Dealers are selling diazepam-based drugs to children for as little as 20p per pill. (Picture posed by model) INNT 11-043FP
Dealers are selling diazepam-based drugs to children for as little as 20p per pill. (Picture posed by model) INNT 11-043FP

TWO local women have made an impassioned plea for more help and support to be made available for families struggling to deal with children and teenagers who are addicted to drugs.

The women, who didn’t want to be identified due to a fear of reprisals from the ruthless dealers who have been supplying illegal drugs to their teenage sons, say ‘Blues’ and ‘Whites’ pills are a major problem in the Carnmoney area, with boys and girls as young as 12 and 13 years old taking up to 30 or 40 pills a day.

The potentially deadly tablets, which are being sold to children and young people for as little as 20 pence each, are mostly diazepam-based, but often mixed with other drugs.

Over the past couple of years, Sarah and Cathy (not their real names) have been living a nightmare due to problems being caused by their drug-addicted sons, who regularly hang around with a crowd in Carnmoney, getting “wiped out” on ‘Blues’, so-called legal highs and other drugs.

The women, who both have other children to look after, told the Times how they are worried sick, driving around the streets at nights trying to find their sons who are ‘off their heads’ on drugs and sometimes unable to stand or even talk.

They explained how their boys have fallen into a downward spiral of mental and physical ill health, had regular run-ins with the police and have become increasingly aggressive and out of control. The troubled teenagers have gone through periods of depression when coming off the drugs, and both have attempted suicide.
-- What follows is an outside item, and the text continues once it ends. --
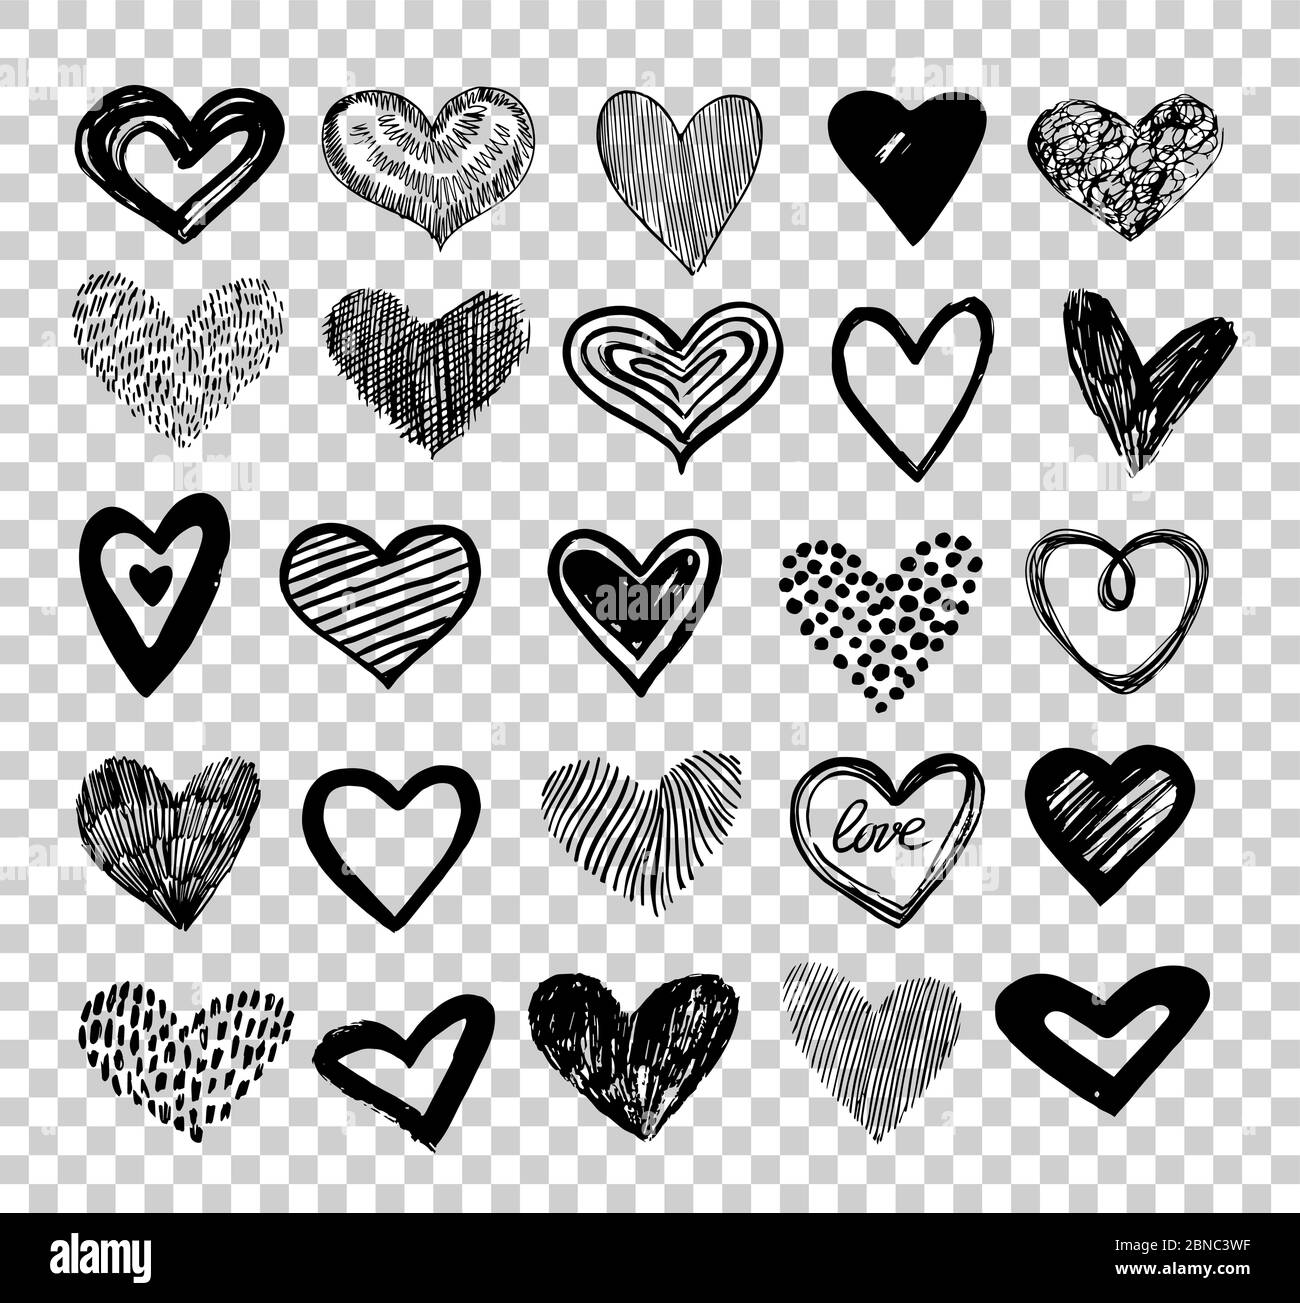 Doodle Hearts. Handgezeichnete Liebe Herz Symbole. Skizze valentine Grunge Herzen Vektor-Elemente isoliert auf transparentem Hintergrund. Schwarzes Herz skizzenhaft für valentine dat Illustration Stock Vektor

Sarah and Cathy have even gone to the extreme measure of getting their sons arrested and denying them a bail address so that they get sent to the Woodlands Juvenile Justice Centre near Bangor where they can get looked after by trained staff, receive counselling and be checked on 24/7. They say they’ve been forced to use Woodlands as a sort ‘rehab centre’ for their sons, given the lack of Child and Adolescent Mental Health Services in Northern Ireland.
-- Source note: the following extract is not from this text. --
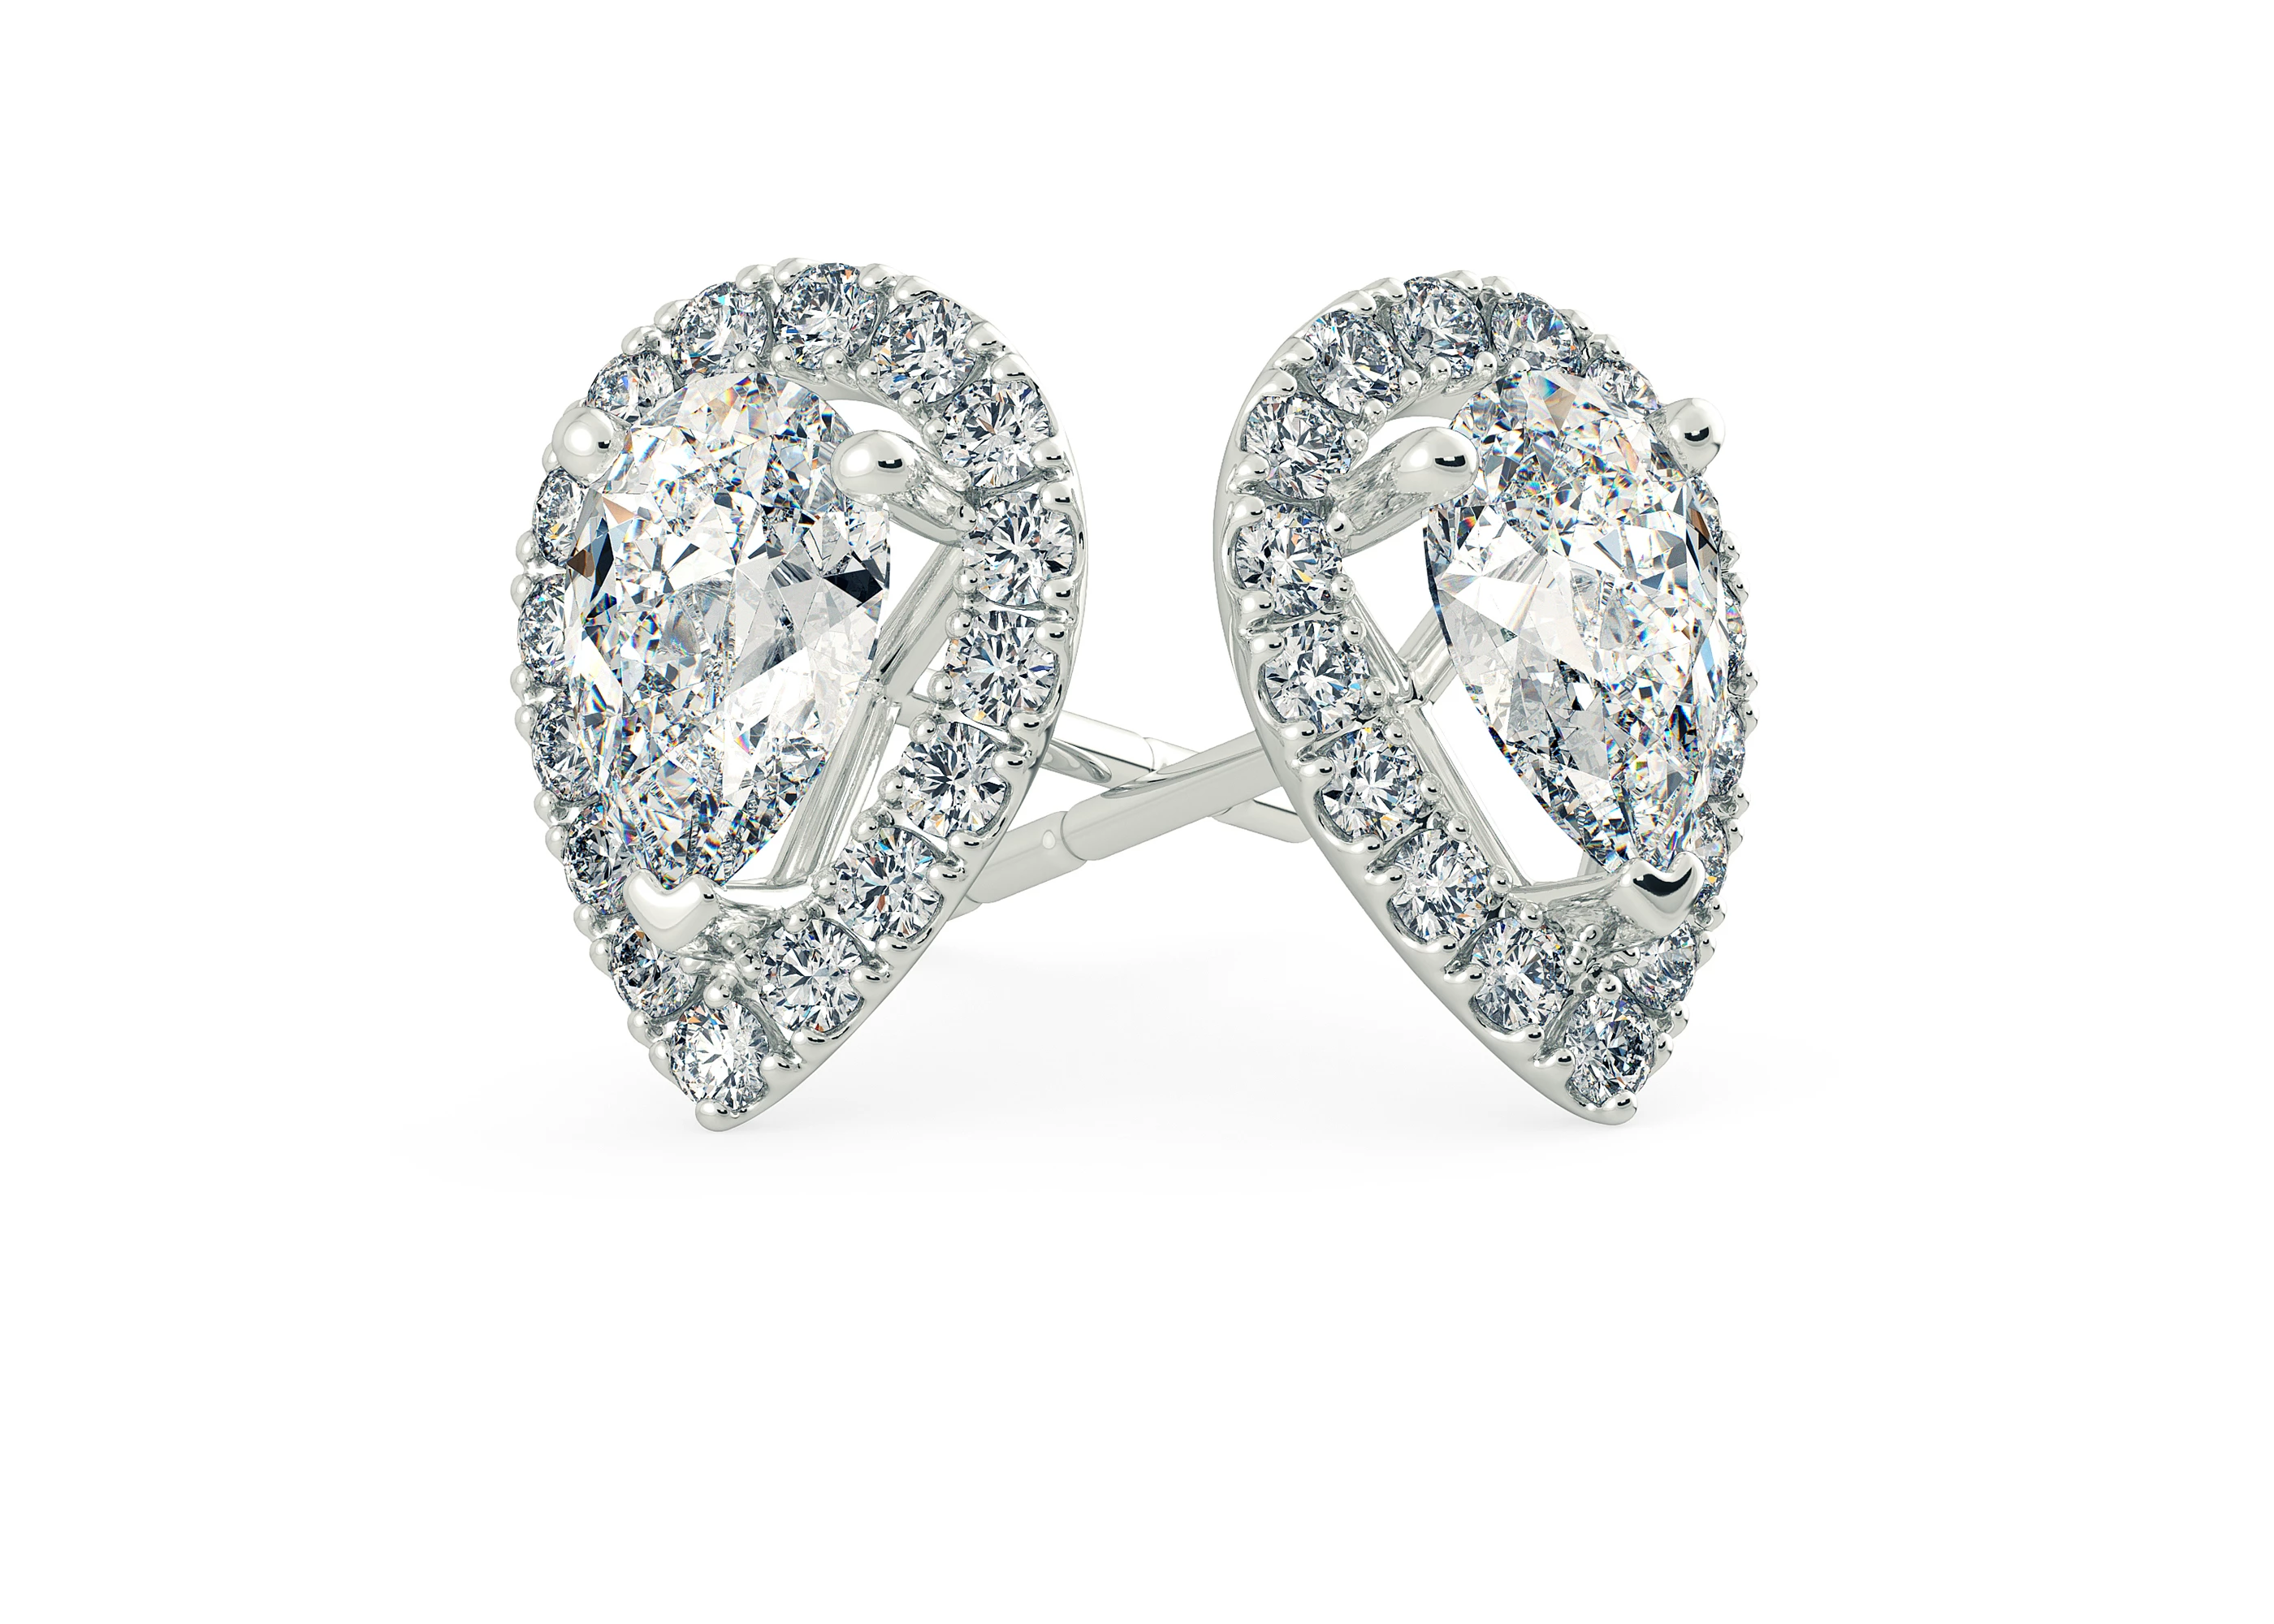 Bijou Pear Diamond Stud Earrings in Platinum with Screw Backs

“We’ve been everywhere trying to get help for them, but this is the end of the road. It’s come to the stage where we’re having to get them arrested and get them into more trouble with the police and get them more of a criminal record just to get them some help,” said Sarah, whose son has been taking ‘Blues’ since he was 14.
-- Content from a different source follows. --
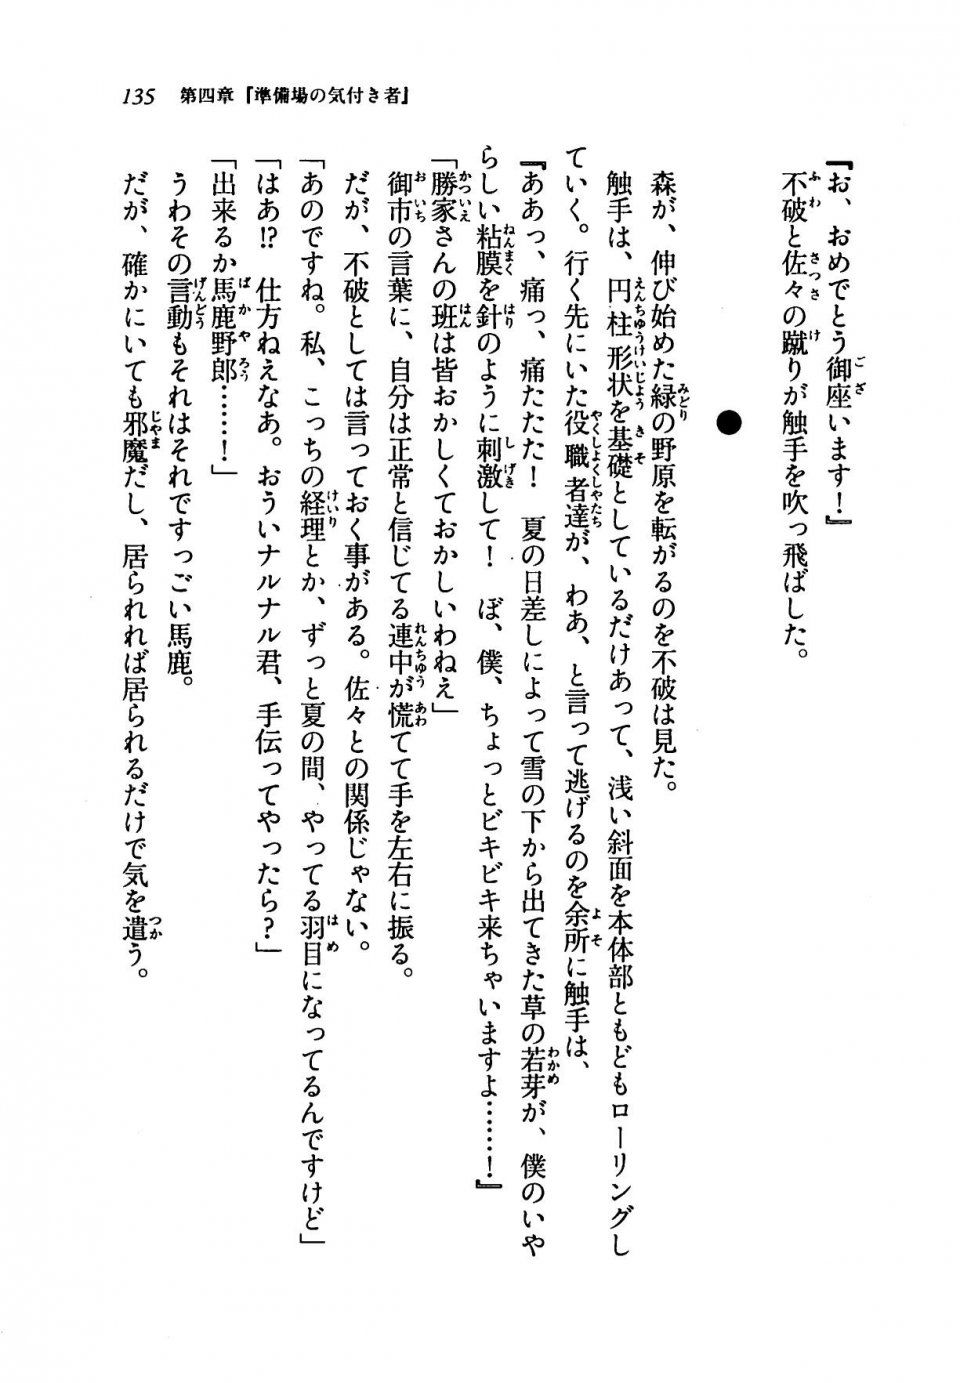 Kyoukai Senjou no Horizon LN Vol 19(8A) - Photo #135

“People need to know what’s going on. People need to understand that this is a problem in this area (Carnmoney) and that it’s really bad in this area.”

With no-one else to turn to and fearing that it’s only a matter of time before the drugs claim a child’s life, the women are now considering setting up a support group for local families who are suffering similar problems, so that they can share their experiences and help each other.

“It’s got to the stage where there’s nothing here, there’s no-one to help us, but one of these kids is going to die. I’ve even had visions of my son lying in the living room in a coffin,” Cathy added.

“We want to highlight what’s going on here and we want to help other people, but we need help and support too. We’re trying to deal with the issue, inside the house and outside of the house in the area, but we can’t do it on our own.”